Marissa Damink, a TU/e student of Human Technology Interaction, won second place in the 800 m event at last week's Dutch Athletics Championships, which were held in The Hague. “This is the first year that I've set my sights on gold, and so I was actually a little bit disappointed to come away with silver,” says Damink. “But all in all I'm very pleased, especially with the progress I've made yet again this year.”

This coming Saturday Marissa will also compete in the European Athletics Team Championships in Norway's Sandnes. Again, her event will be the 800 meters. “With my PB I'm ranked ninth, but I hope to finish in a position higher than that, and besides I'd like to run a faster PB this season. It would be fantastic to do that at the European Championships.”

Last year Marissa gave us a great interview for our column In the Hot Seat.
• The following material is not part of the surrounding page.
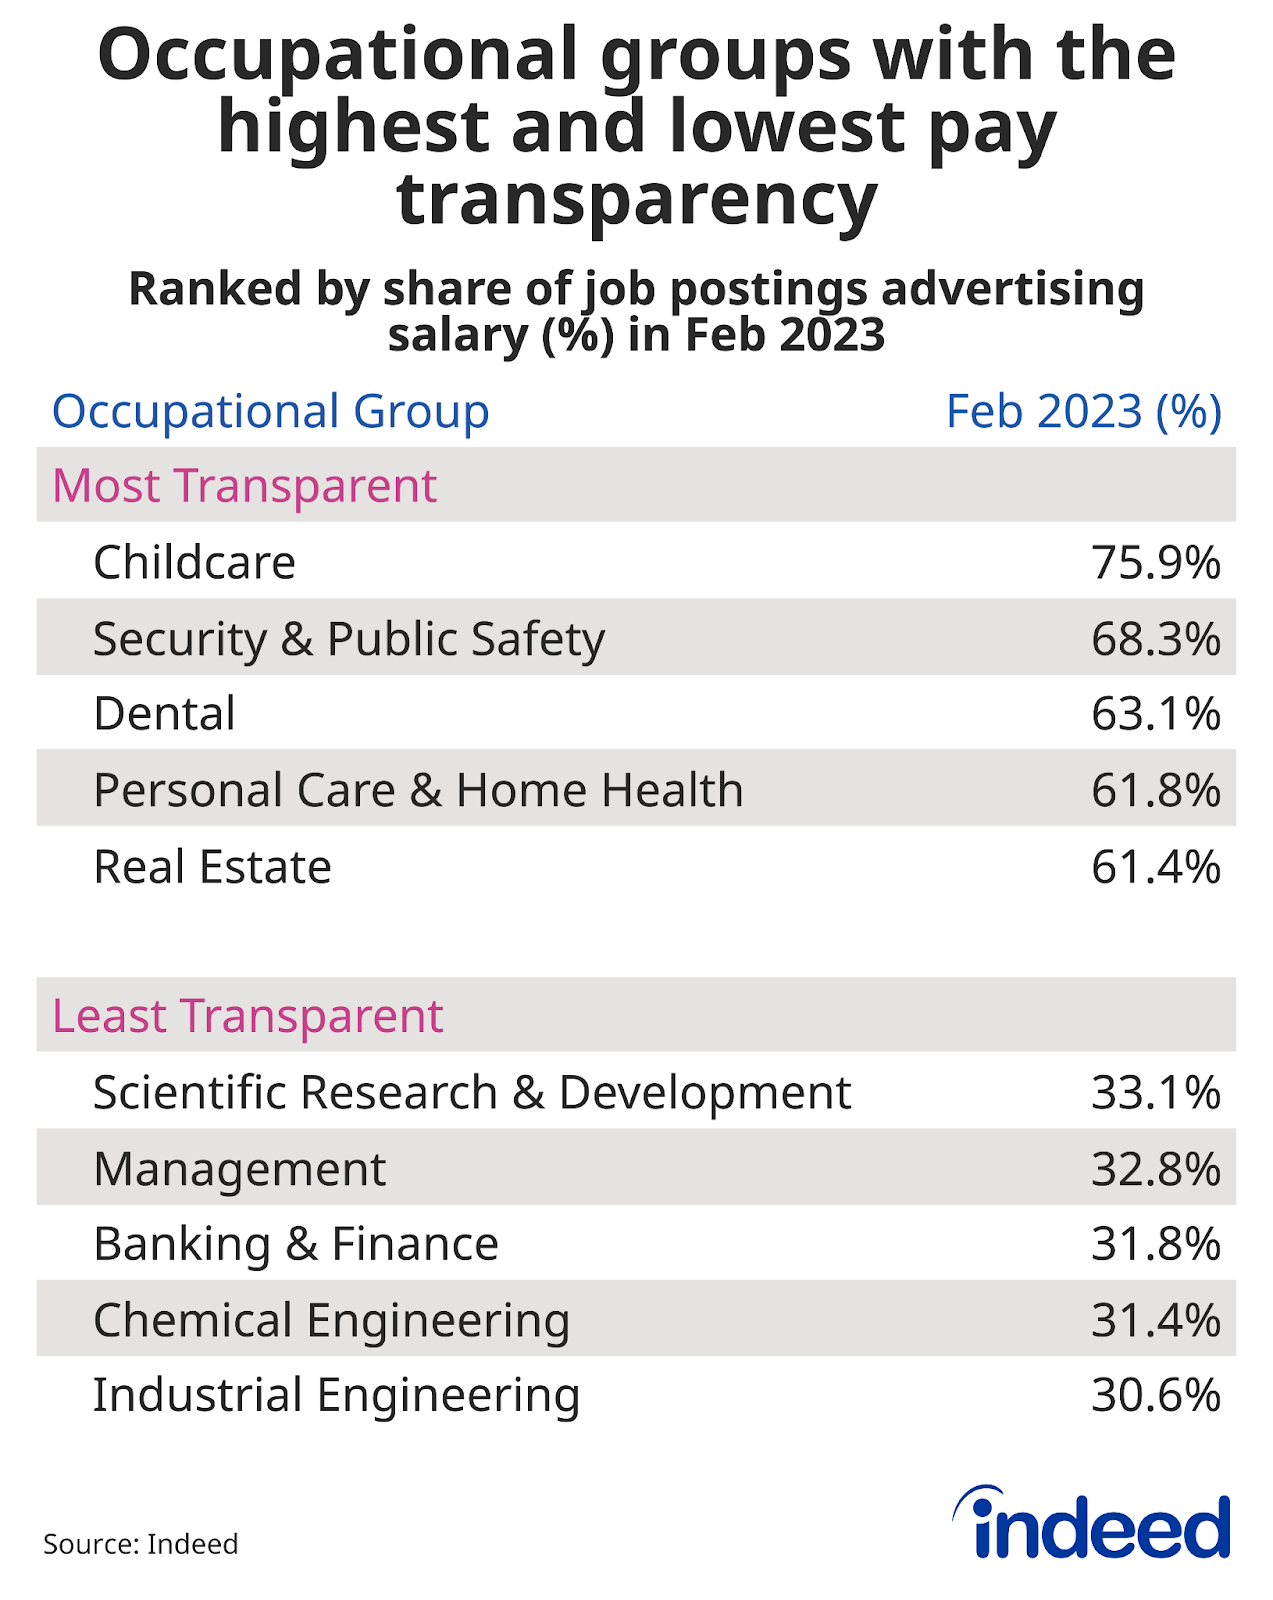 Chart titled “Occupational groups with the highest and lowest pay transparency” with columns named “Occupational Group” and “Feb 2023 (%).”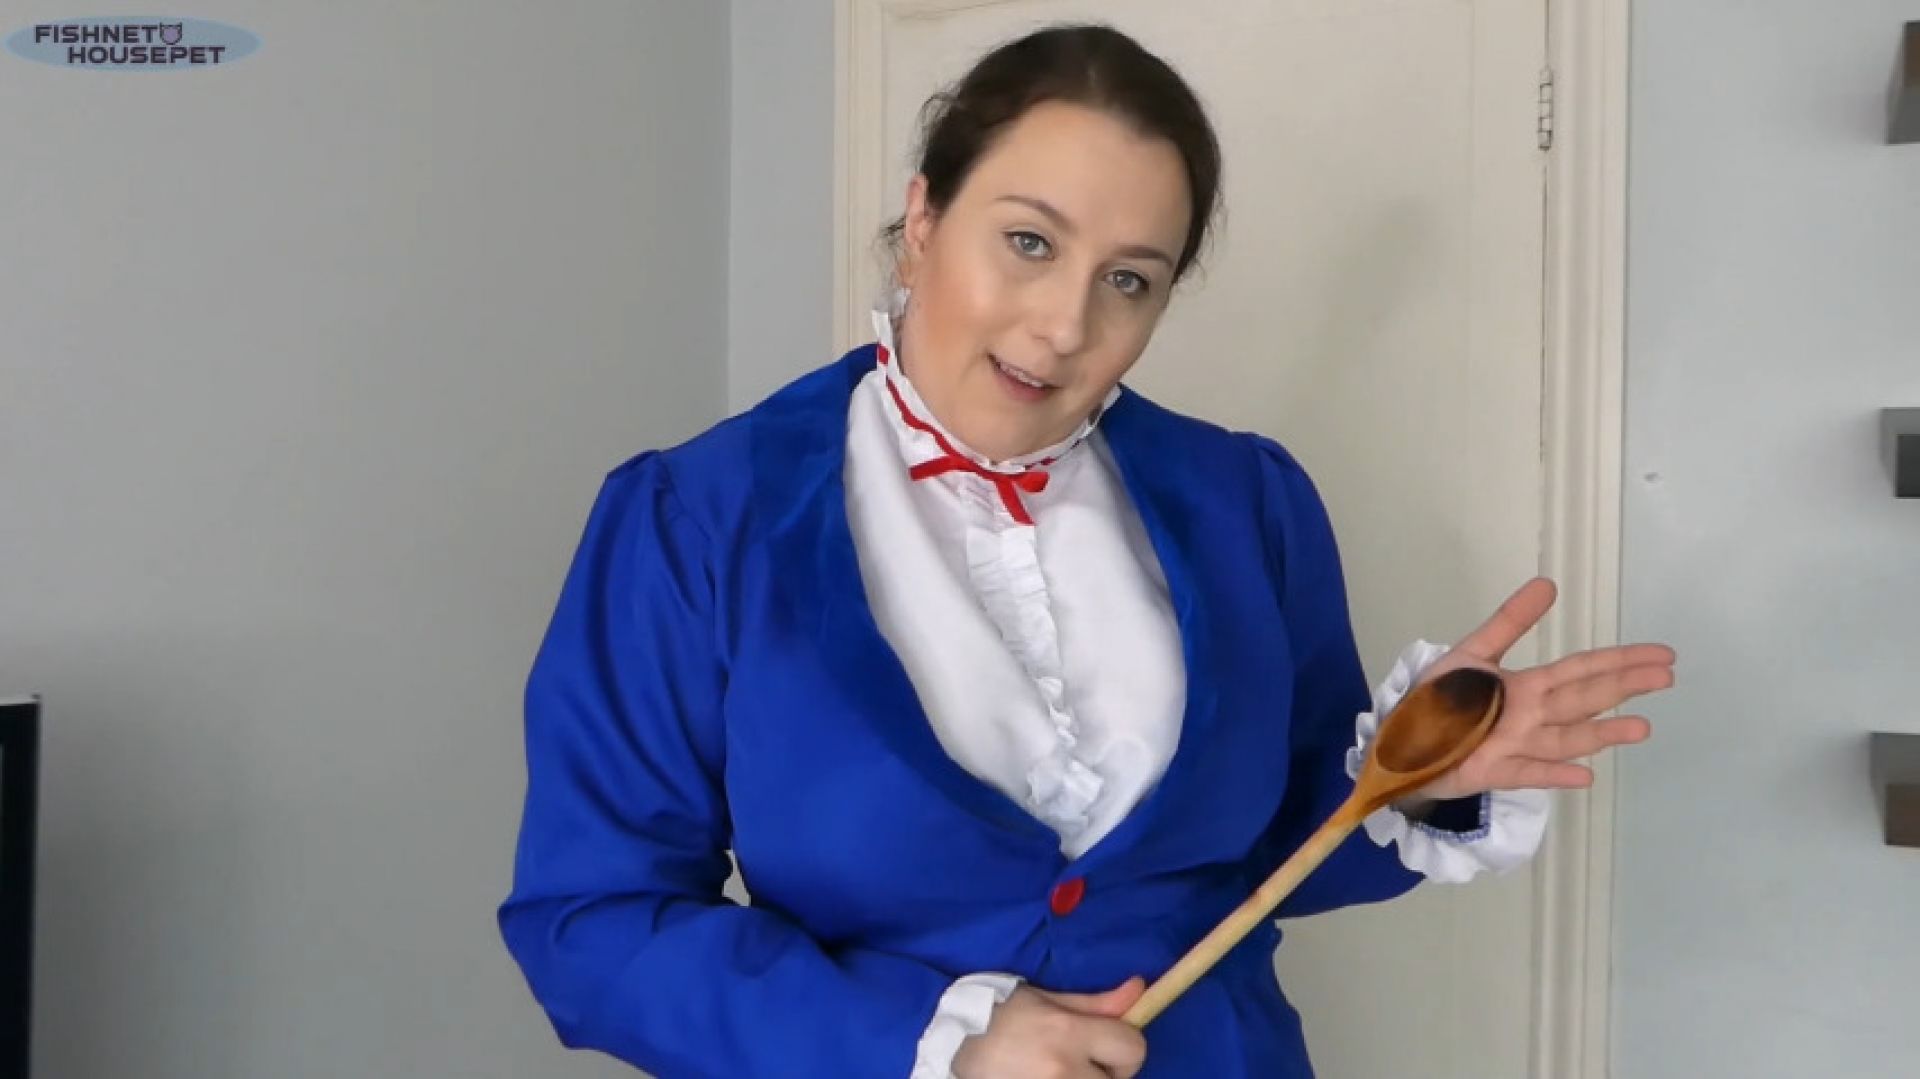 324 97 MB FHD Spanked By Nanny Poppins Fishnet Housepet 1080

URE unexpectedly misses the driverless competition

University Racing Eindhoven had set itself the aim of competing in at least one driverless competition during the current racing season. The event the team had in mind was held July 24 through 28 at Italy's Riccardo Paletti race track. After Formula Student Netherlands (FSN), the team had just one week to convert the car from electric to self-driving. Disappointingly, a malfunction occurred in the Accumulator Management System (AMS), which meant the team's participation was out of the question. URE then set to work again, converting the car back in time to participate in the electric class at Formula Student Germany, which is being held this week. The team is determined to improve the car's self-drive systems and to come back stronger next year. In the Netherlands (at FSN) the team won third place in the electric class .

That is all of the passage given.